Between all the scintillating
Black Friday deals and the Cyber Monday bargains that will follow, you may end up spending a lot of time surfing online retail stores for discounts. That's all well and good, but if you're among the more than 2 billion people who use Google's Chrome browser, take a moment to apply the latest emergency update to protect yourself from another zero-day security flaw.
Google started pushing out the patch on Thanksgiving, when you were likely preoccupied with gorging on turkey and watching a slate of football games (I don't care what the refs decided, that was a catch by Patriots tight end Hunter Henry). However, it's not one that should be overlooked. Tracked as CVE-2022-4135, this one carries a "High" severity rating.
That alone would be cause to pause what you're doing and apply the patch. But in this instance, Google states it is "aware that an exploit for CVE-2022-4135 exists in the wild." In other words, this isn't just a theoretical security hole, but one in which hackers have already developed an exploit for.
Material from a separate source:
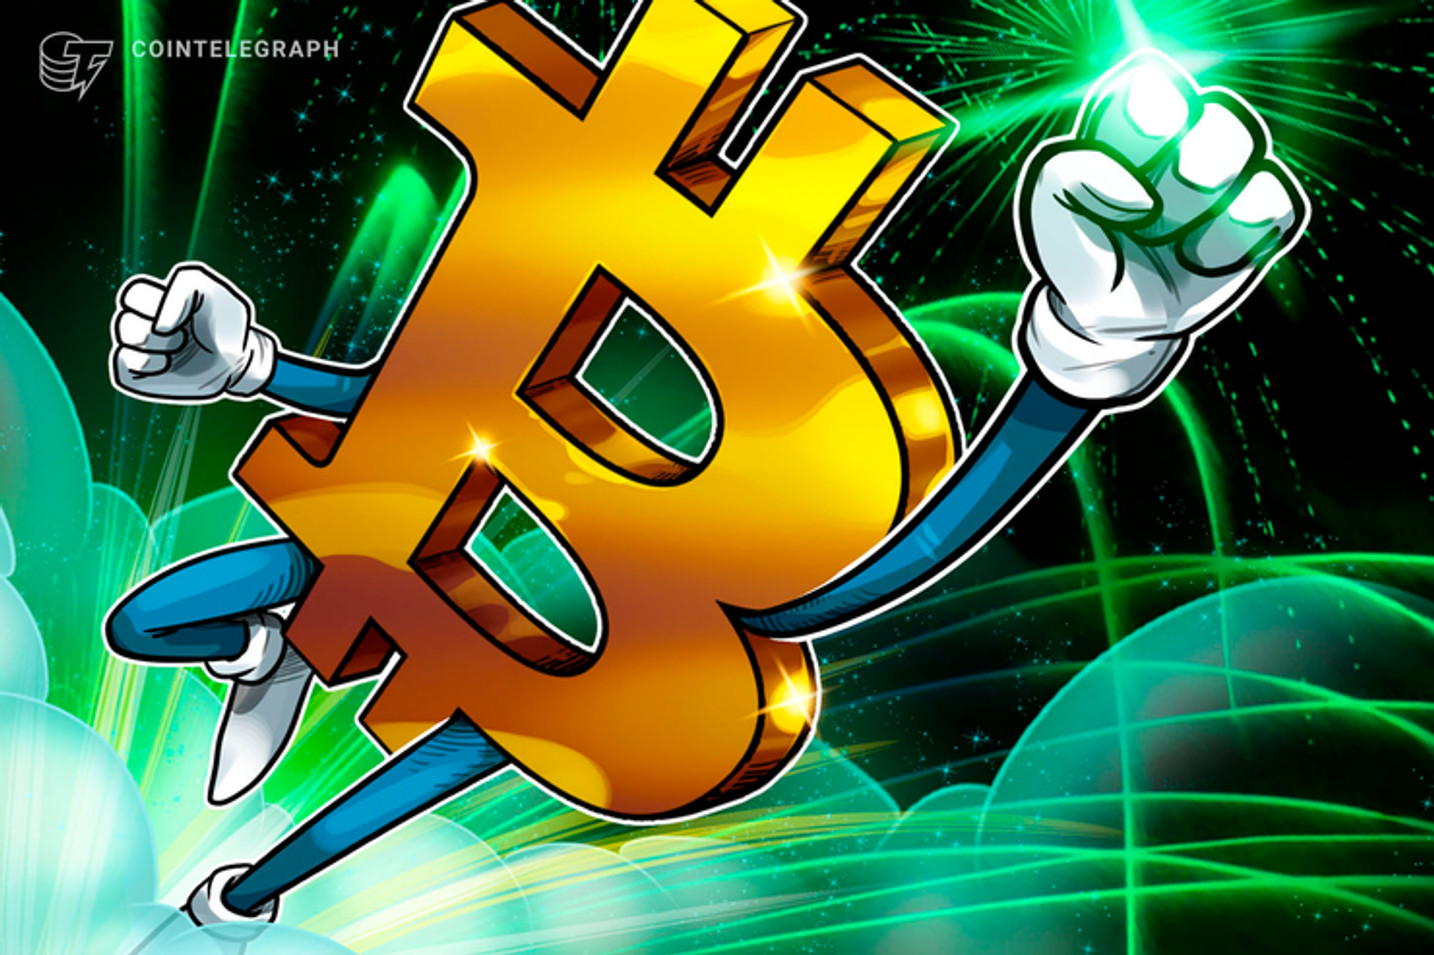 Relatório aponta tendência de alta para o Bitcoin confirmada pelos contratos futuros de BTC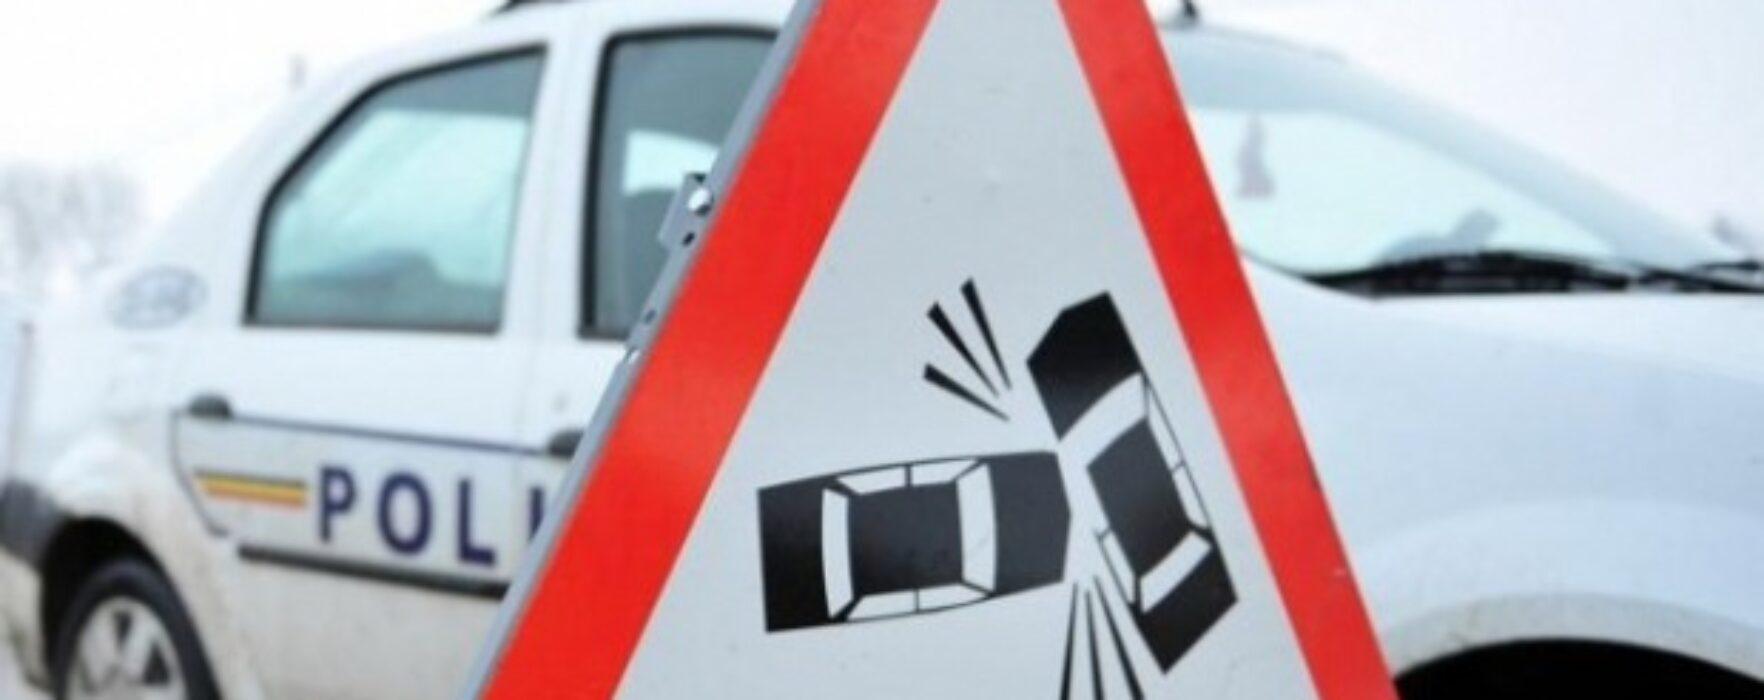 Accident în lanţ pe DN 72 Târgovişte-Ploieşti, în zona Dărmăneşti se circulă pe un singur fir de mers

As is typically the case for this sort of thing, Google is withholding most details until a majority of users apply the latest patch. It's described as a "heap buffer overflow in GPU" bug and it affects Windows, Mac, and Linux.
While we don't know the full scope of the exploit, this kind of vulnerability paves the way for hackers to corrupt data and remotely execute code on a victim's PC. The US government's National Institute of Standards and Technology (NIST) agency goes a little further and says that CVE-2022-4135 allows a "remote attacker who had compromised the renderer process to potentially perform a sandbox escape via a crafted HTML page."
Not Seeing The Patch? Here's How To Get Google's Chrome Update Now
Incidentally, this is the eighth
zero-day vulnerability discovered in Chrome this year, with the others having been patched in February, March, April, July, August, September, and October. These updates typically get pushed to Chrome browsers automatically, though they may not get installed right away.
You can fast-track the process by manually initiating the update. To do this, click on the three vertical dots in the upper-right corner and navigate to Help > About Google Chrome. Chrome will then check for and download the latest build (
107.0.5304.121 as of this writing) and prompt you to restart your browser.